01

18.3K 1K 32
                                    

Menjadi putra dari seorang yang berpengaruh di seluruh negeri tak selalu memberikan kenyamanan. Justru malah membawa situasi yang menyebalkan dengan berbagai aturan yang mengikat, harus tersenyum meskipun kau tak suka, bahkan kau tak dapat memilih apa yang kau impikan. Semua sudah diatur. Bahkan sebelum lahir, garis masa depanmu sudah dituliskan.

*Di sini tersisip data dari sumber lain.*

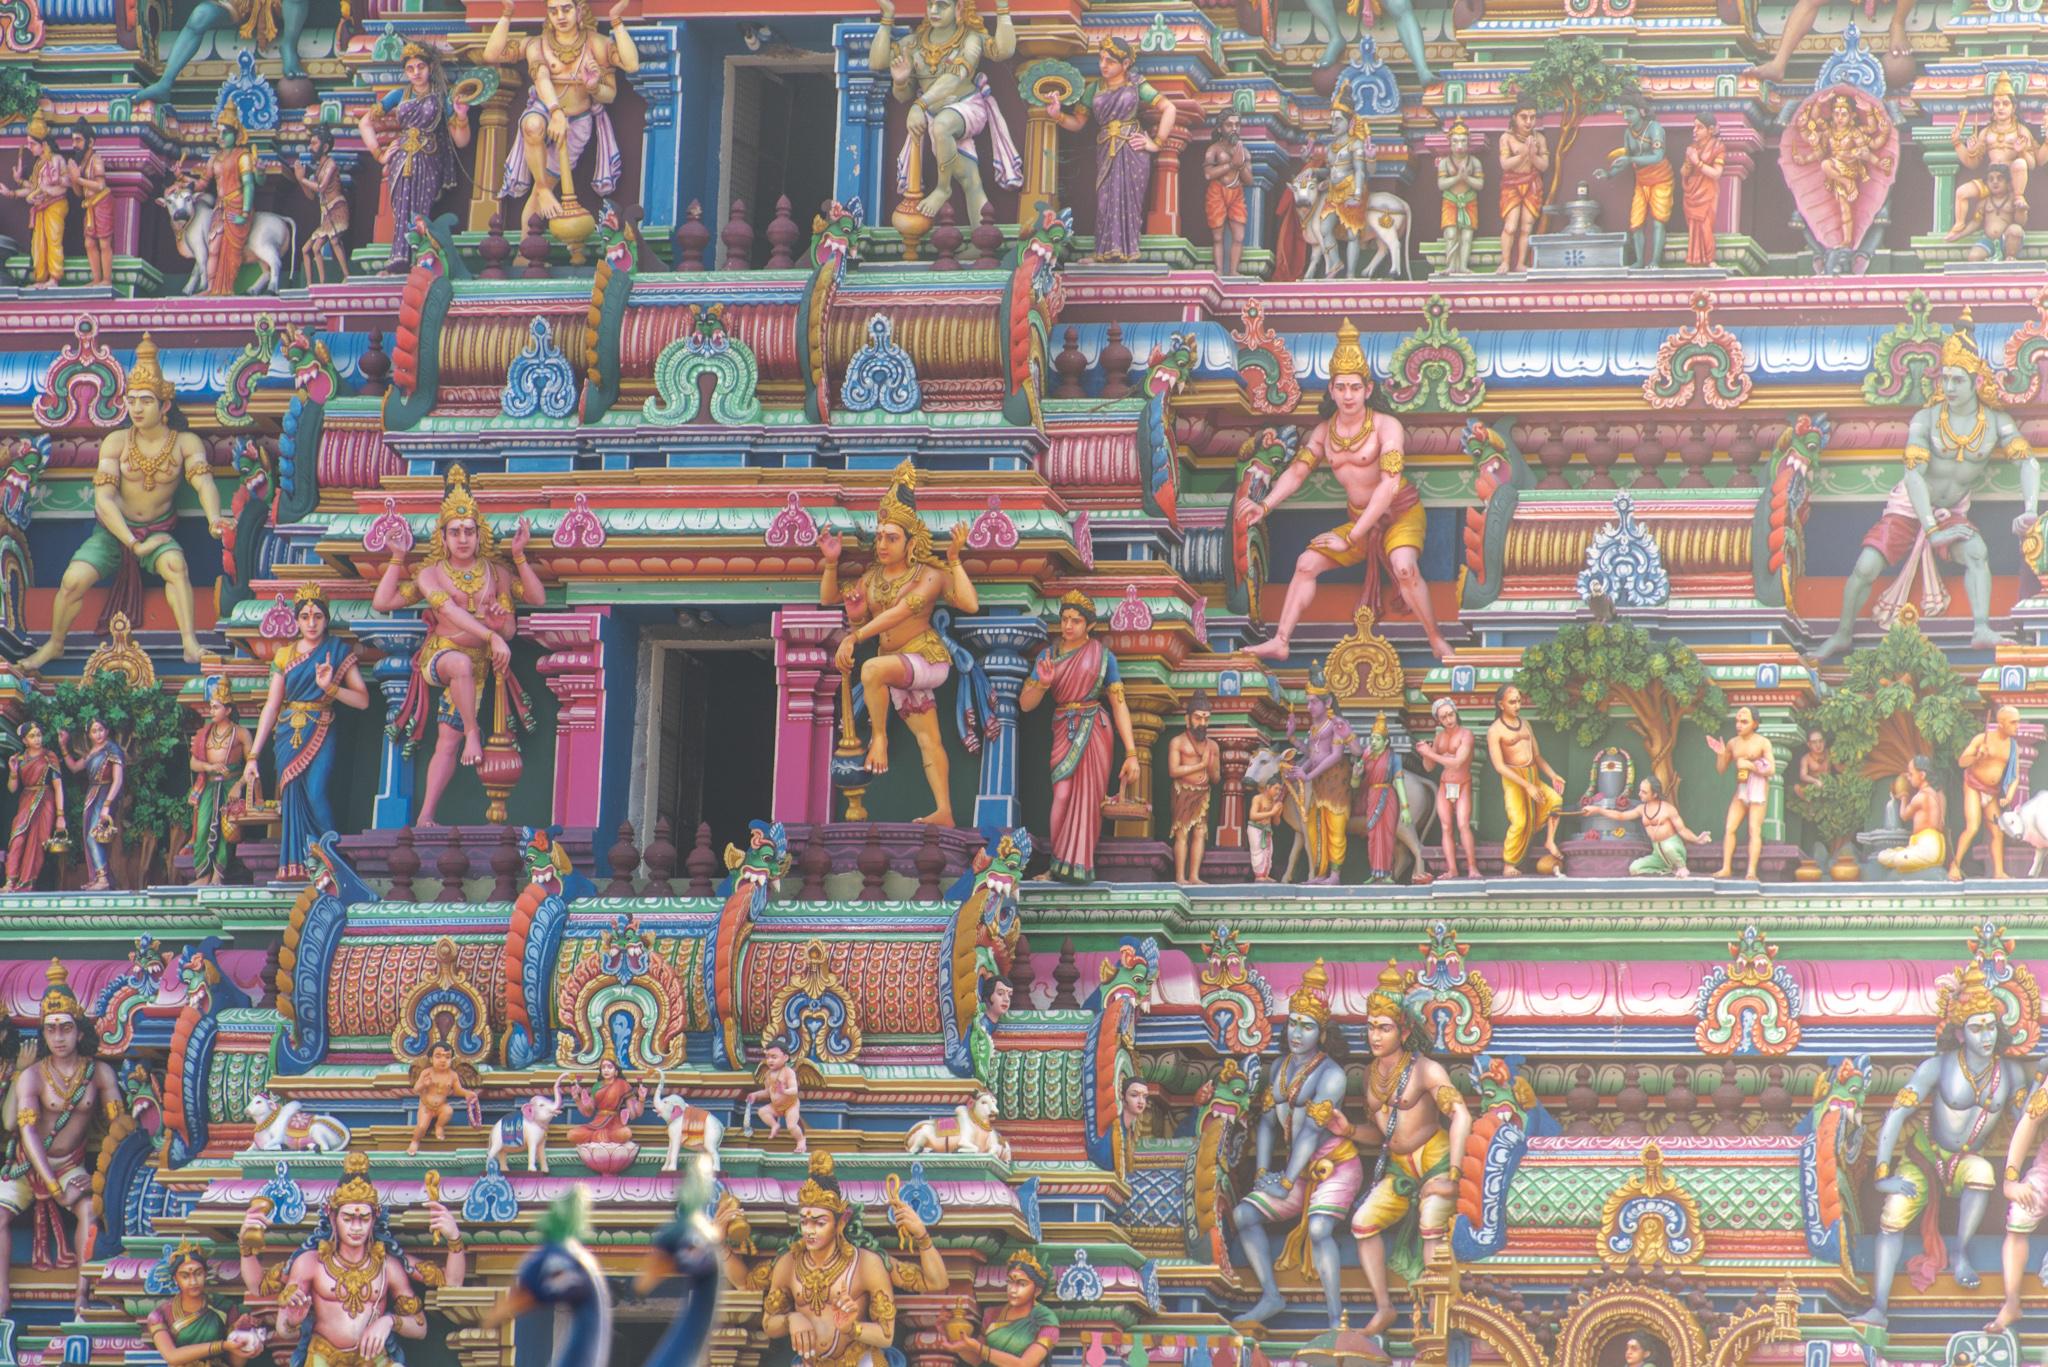 2016-12-20 - Kapaleeshwarar Temple - 036

Itu lah yang dirasakan seorang pemuda dengan paras rupawan, ia yang merupakan putra dari pembisnis tersohor di seluruh negeri harus tersiksa dengan berbagai aturan dan tekanan keluarga besarnya yang sungguh sangat kolot. Terutama karena ia adalah keturunan murni dari keluarga Lan. Keluarga aristokrat yang hampir menguasai seluruh aspek negara, terutama dalam perekonomian dan pemerintahan.

Ia merasa hidup sebagai boneka, apa pun aspek kehidupannya selalu penuh dengan campur tangan ayahnya, termasuk dengan perjodohan konyol yang sungguh membuatnya muak. Kalau pun ia menolak perjodohan ini, dengan segera ia akan di asingkan ke luar negeri dan mengurus lahan milik keluarganya yang terbengkalai yang bahkan tak bisa untuk di tanami atau pilihan paling buruk adalah ia akan dipaksa menjadi petapa di gunung seperti leluhurnya. Sungguh tak ada pilihan yang baik.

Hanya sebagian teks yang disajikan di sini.